- O ex-deputado federal Eduardo Bolsonaro foi condenado pela Primeira Turma do STF a quatro anos e dois meses de prisão em regime semiaberto por coação no curso do processo.
- Além da pena, ele deverá pagar cinquenta dias-multa, fixados em dois salários mínimos cada, ter oito anos de inelegibilidade e perder o cargo de escrivão da Polícia Federal.
- A decisão foi unânime, com placar de quatro votos a zero, no julgamento da ação penal em que Eduardo é réu por articular o tarifaço para interferir no julgamento que condenou Jair Bolsonaro.
- A condenação envolve atos para criar clima de instabilidade e temor, incluindo supostos estímulos a retaliações contra ministros do STF e ações contra o governo, segundo a PGR.
- Eduardo Bolsonaro está nos Estados Unidos desde o ano passado e já havia perdido o mandato por faltar às sessões da Câmara dos Deputados.
O Supremo Tribunal Federal condenou, nesta terça-feira (16/06), o ex-deputado Eduardo Bolsonaro a 4 anos e 2 meses de prisão em regime semiaberto por coação no curso do processo. A condenação ocorre no âmbito de ação penal que investiga tentativa de interferência no julgamento envolvendo Jair Bolsonaro.
A decisão foi tomada pela Primeira Turma, em votação unânime de 4 a 0. Relator, o ministro Alexandre de Moraes, foi acompanhado por Cristiano Zanin, Cármen Lúcia e Flávio Dino, presidente da Turma. Eduardo Bolsonaro também foi condenado a pagar 50 dias-multa, equivalentes a dois salários mínimos cada, e à perda do cargo de escrivão da Polícia Federal, além de oito anos de inelegibilidade.
Segundo a decisão, há elementos que comprovam a prática de coação no curso do processo. Moraes indicou provas de ações para criar clima de instabilidade e temor, incluindo suposta pressão para influenciar decisões judiciais. A acusação sustenta que as ações visavam sobrepor interesses da família Bolsonaro às normas legais.

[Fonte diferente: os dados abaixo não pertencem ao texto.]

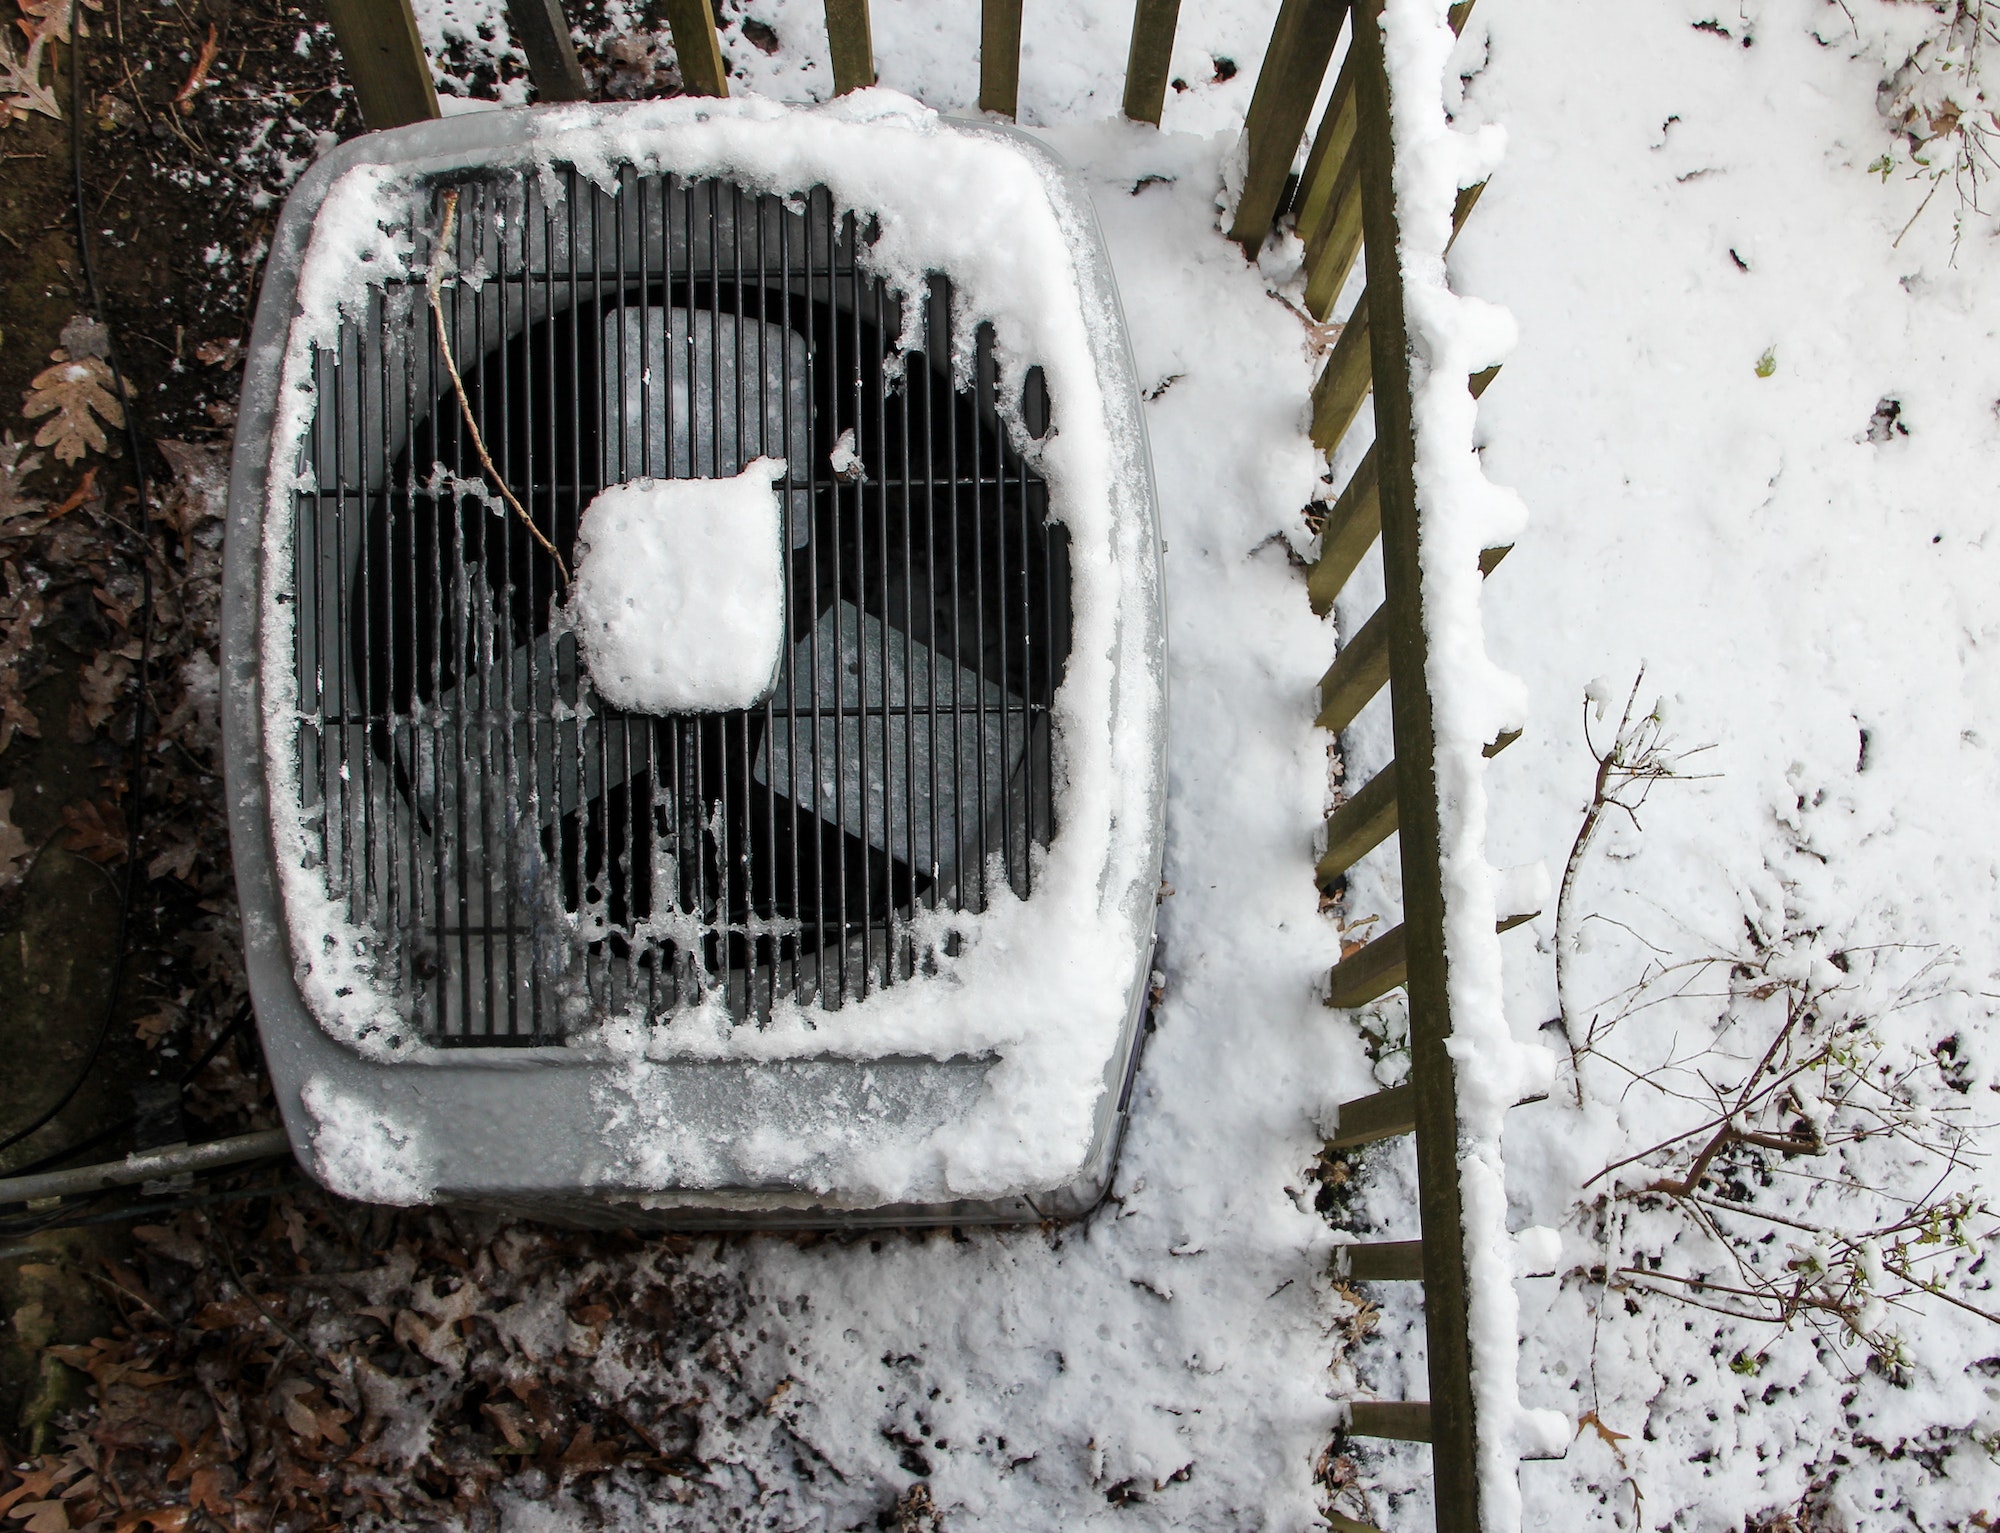 Overhead view of Central Air Conditioner HVAC unit covered with snow after snowstorm

A PGR argumentou que as provas indicavam conduta criminosa para livrar Jair Bolsonaro de responsabilização criminal, em meio a tentativas de favorecer interesses familiares. Eduardo Bolsonaro está nos Estados Unidos desde o ano passado e havia perdido o mandato por afastamento das sessões da Câmara.
A decisão também aponta possíveis desdobramentos, incluindo a possibilidade de recursos por parte do condenado. O caso envolve ainda a alegação de estímulo a ações externas, como medidas que poderiam afetar ministros do STF e instituições brasileiras, conforme a acusação apresentada à época.
Detalhes da decisão
- Relator: Alexandre de Moraes, com votos de Zanin, Cármen Lúcia e Flávio Dino.
- Pena estabelecida: 4 anos e 2 meses de prisão, regime semiaberto.
- Sanções: pagamento de 50 dias-multa, inelegibilidade de 8 anos e perda do cargo na Polícia Federal.
- Contexto: julgamento relacionado à tentativa de interferência no veredito sobre Jair Bolsonaro.
- Estado atual: defesa pode recorrer; Eduardo Bolsonaro permanece com direitos políticos suspensos até decisão final.